Another divide and conquer algorithm is Quick Sort. Like Merge Sort, it divides the dataset into pieces and sorts each piece using Quick Sort. From there, however, it quickly changes direction.
Rather than divide the dataset into equal parts, Quick Sort selects a semi-random pivot value from the dataset. It then partitions the dataset into two ranges -- the first range consists of data that is less than the pivot, and the second range contains data greater than the pivot. Once the ranges are defined, they are each sorted using the same process.
Quick Sort Animation
Here's what these actions look like with a small dataset:
Credit: Swfung8, CC BY-SA 3.0, via Wikimedia Commons
Quick Sort Big O Complexity
Like the Merge Sort, the Big O analysis of the Quick Sort is $`O(log\ n)`$. Unlike Merge Sort, it doesn't require copying the entire dataset to sort -- a single swap variable is all that is needed. Because of this, datasets can be sorted in place using Quick Sort.
Quick Sort Java Example
Again, code is king. First, you will explore how a dataset is partitioned. As before, it is assumed that you are sorting an integer array called nums:
int partition(int nums[], int low, int high) {
// Pick a semi-random pivot value
int pivot = nums[high];
// Where should values less than the pivot go?

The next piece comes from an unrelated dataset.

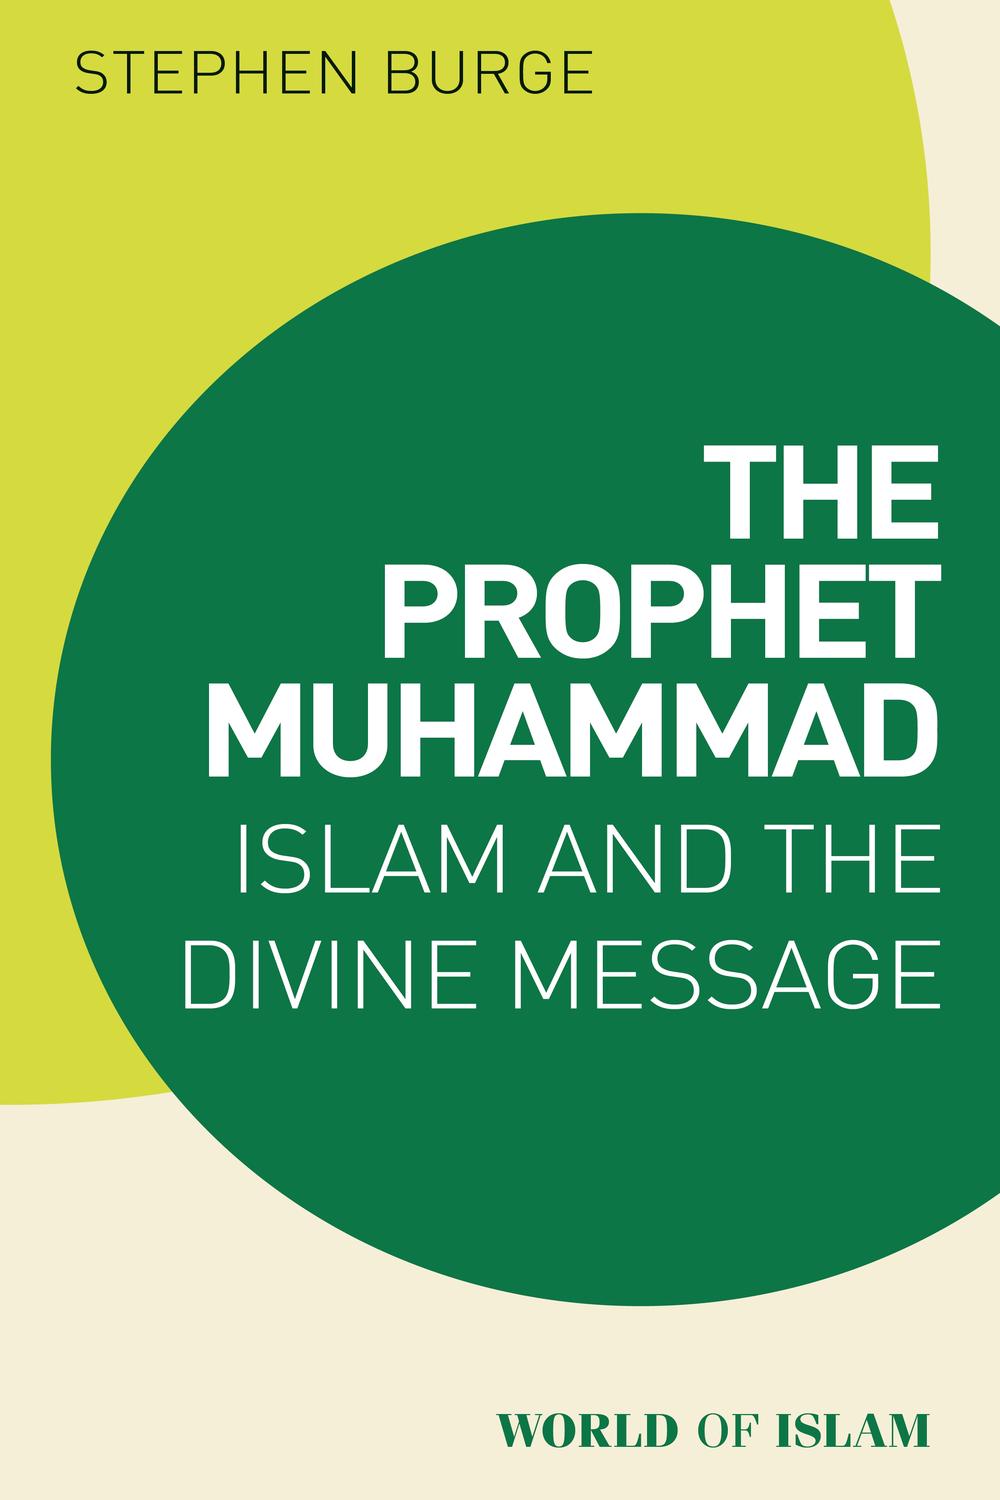 The Prophet Muhammad - Stephen Burge

int i = (low - 1); // index of smaller element
// Check every value in the range except the pivot
for (int j = low; j < high; j++) {
// If current element is smaller than or equal to pivot
if (nums[j] <= pivot) {
// Move the index up
i++;
// Move the smaller number down with a swap
int temp = nums[i];
nums[i] = nums[j];
nums[j] = temp;
}
}
// You've scanned everything -- move the pivot into place
int temp = nums[i + 1];
nums[i + 1] = nums[high];
nums[high] = temp;
// Return the index of the pivot value
return i + 1;
}
In most implementations of Quick Sort, the pivot value is picked to be the last item in the range to be sorted -- in this case, that's nums[high]. The variable i tracks a location in the array and is placed initially below the low end of the range -- it will be moved as the partitioning commences.
As the for loop iterates, you check each value to see if it's less than, or equal to, the pivot value. If so, you need to move it to the beginning of the range, but where exactly? This is where the i value comes in. It is always either less than or equal to j, so the value at j can be swapped with it. You have already checked that value, so moving it later in the range is fine.

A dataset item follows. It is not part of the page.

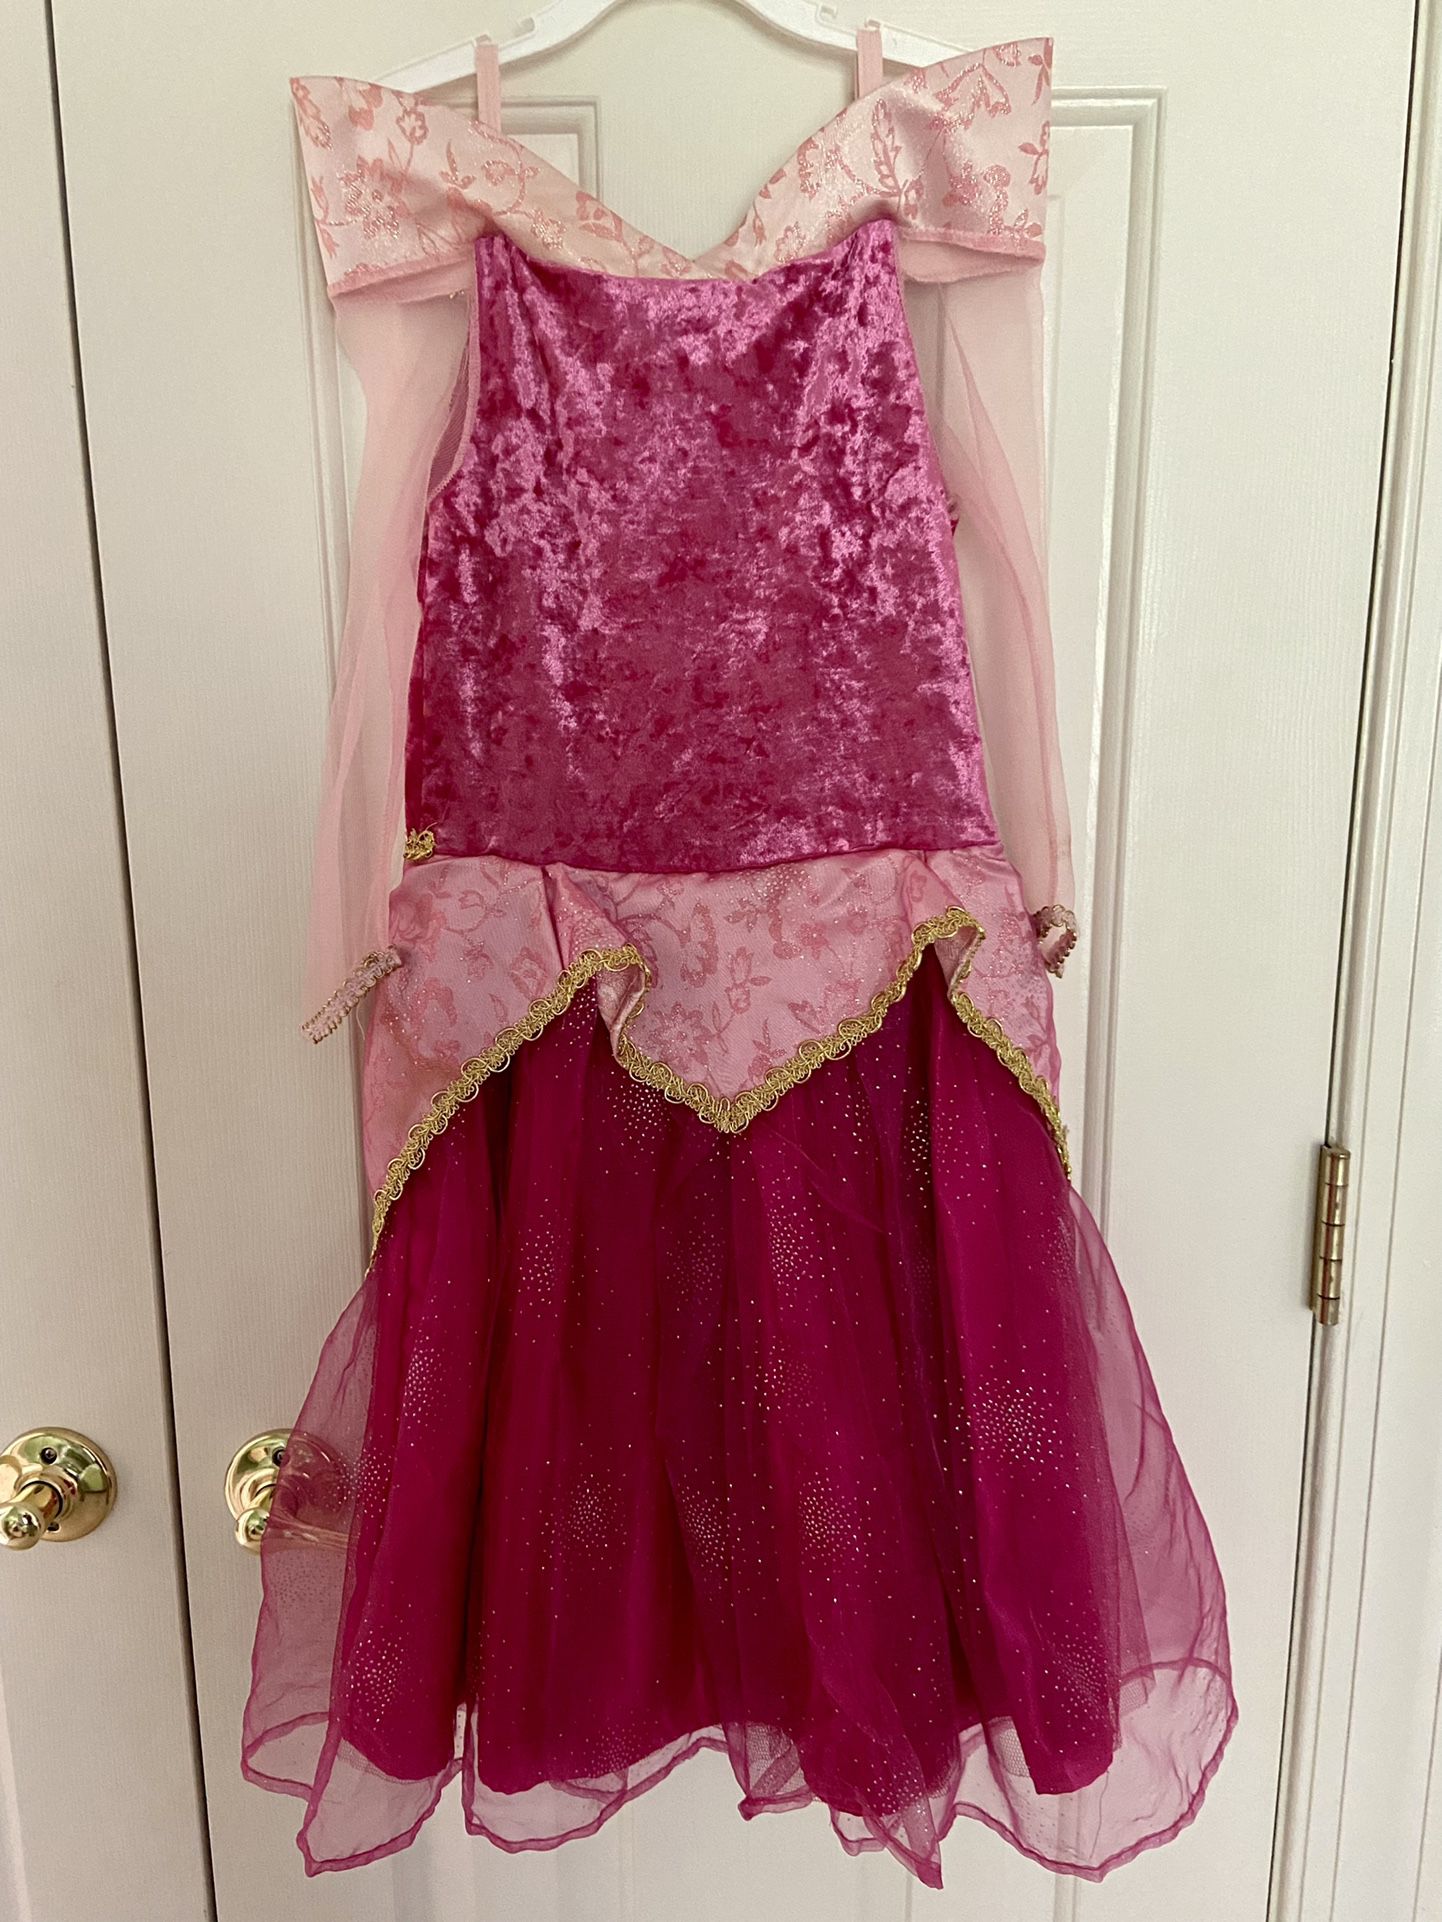 Authentic Disney Park Store Aurora Sleeping Beauty Costume Dress

Once the loop is done, you move the pivot into place -- now everything to the left of the pivot is lower than it, and everything to the right is greater. You return the index of the pivot so it can be used for a later partition.
Again, here's what this looks like for a random dataset. The last item in each range is selected as the pivot value (indicated by the red column), then the items in each range are sorted against this pivot value, and finally, the new sub-ranges are sorted using the same method:
Credit: Swfung8, CC BY-SA 3.0, via Wikimedia Commons
How is this all used? Here's how everything starts:
void sort(int nums[], int low, int high) {
if (low < high) {
// pi is partitioning index, nums[pi] is now at right place
int pi = partition(nums, low, high);
// Recursively sort elements before and after the partition
sort(nums, low, pi - 1);
sort(nums, pi + 1, high);
}
}
You call sort() with the array to sort the indexes of the first and last items in the array. As long as there is more than one item to be sorted, the array is partitioned. The partition index is stored in pi (not to be confused with Math.PI), and each sub-array is sorted by calling the sort() method recursively.
Why do you use pi - 1 and pi + 1 when making the recursive calls? Remember that the pivot value is the last item in the range -- if your first recursive call were sort(nums, low, pi), then the same pivot value would always be chosen. Since every item in that range is lower than the pivot value, the first range would never get smaller. You would be stuck in an infinite recursive loop, which would crash with an out-of-memory error.
As previously mentioned, like the Merge Sort, the Big O analysis of the Quick Sort is $`O(log\ n)`$. Unlike Merge Sort, it doesn't require copying the entire dataset to sort -- a single swap variable is all that is needed. Because of this, datasets can be sorted in place using Quick Sort.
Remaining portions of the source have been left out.